Dalam Alquran, ada beberapa langkah yang bisa dilakukan seorang muslim untuk mengatasi stres akibat permasalahan hidup. (1) Niat ikhlas dalam surat At Taubah ayat 91, (2) Sabar dan salat dalam surat Al Baqarah ayat 153, (3) Bersyukur dan berserah diri dalam surat Al Baqarah ayat 156, (4) Doa dan zikir dalam surat Ar Ra'd ayat 28.

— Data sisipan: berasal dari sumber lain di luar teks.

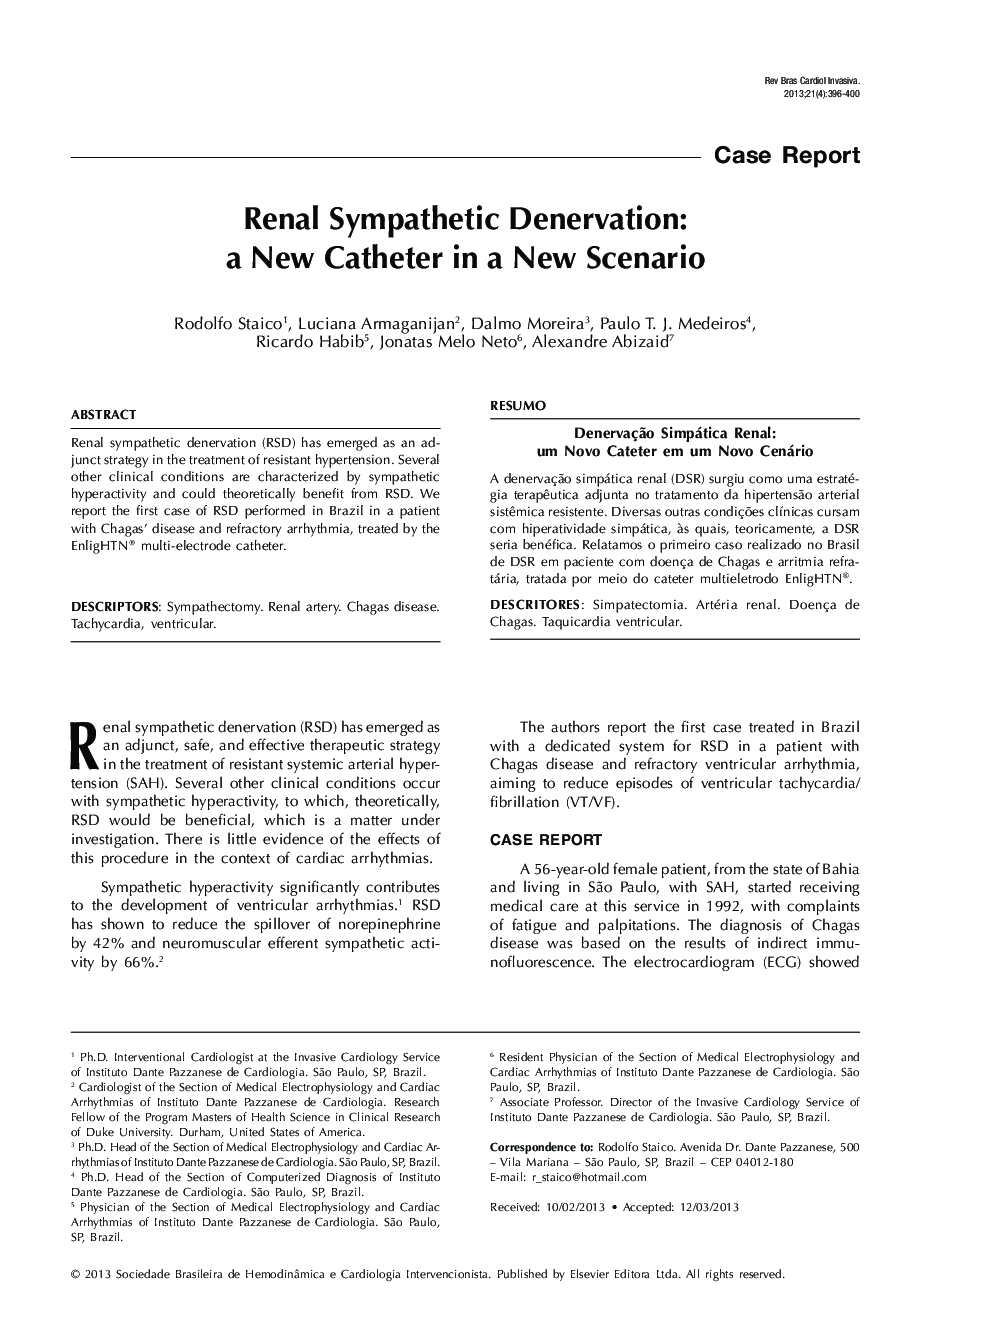 Renal Sympathetic Denervation: a New Catheter in a New Scenario

Cara berpikir negatif yang menekankan persepsi stres sebagai sesuatu yang mengancam dan merugikan, perlu diubah menjadi berpikir positif yang menekankan kepada pengartian stres sebagai sesuatu yang tidak perlu dicemaskan. Bahkan individu perlu melihat adanya peluanguntuk mengatasi stres dan harapan-harapan positif lainnya. Saat musibah atau masalah datang, biasanya seseorang akan mudah timbul rasa kehilangan sesuatu dari dalam dirinya.
Hal ini membutuhkan rasa percaya (keimanan) bahwa kita (mausia) bukan siapa-siapa, diri ini adalah milik Allah. Apa punyang ada pada sekeliling kita adalah milik Allah SWT. Mensyukuri nikmat yang sudah diberikan dan selalu berserah diri untuk menghindarkan dari perasaan serakah dan beban pikiran lainnya.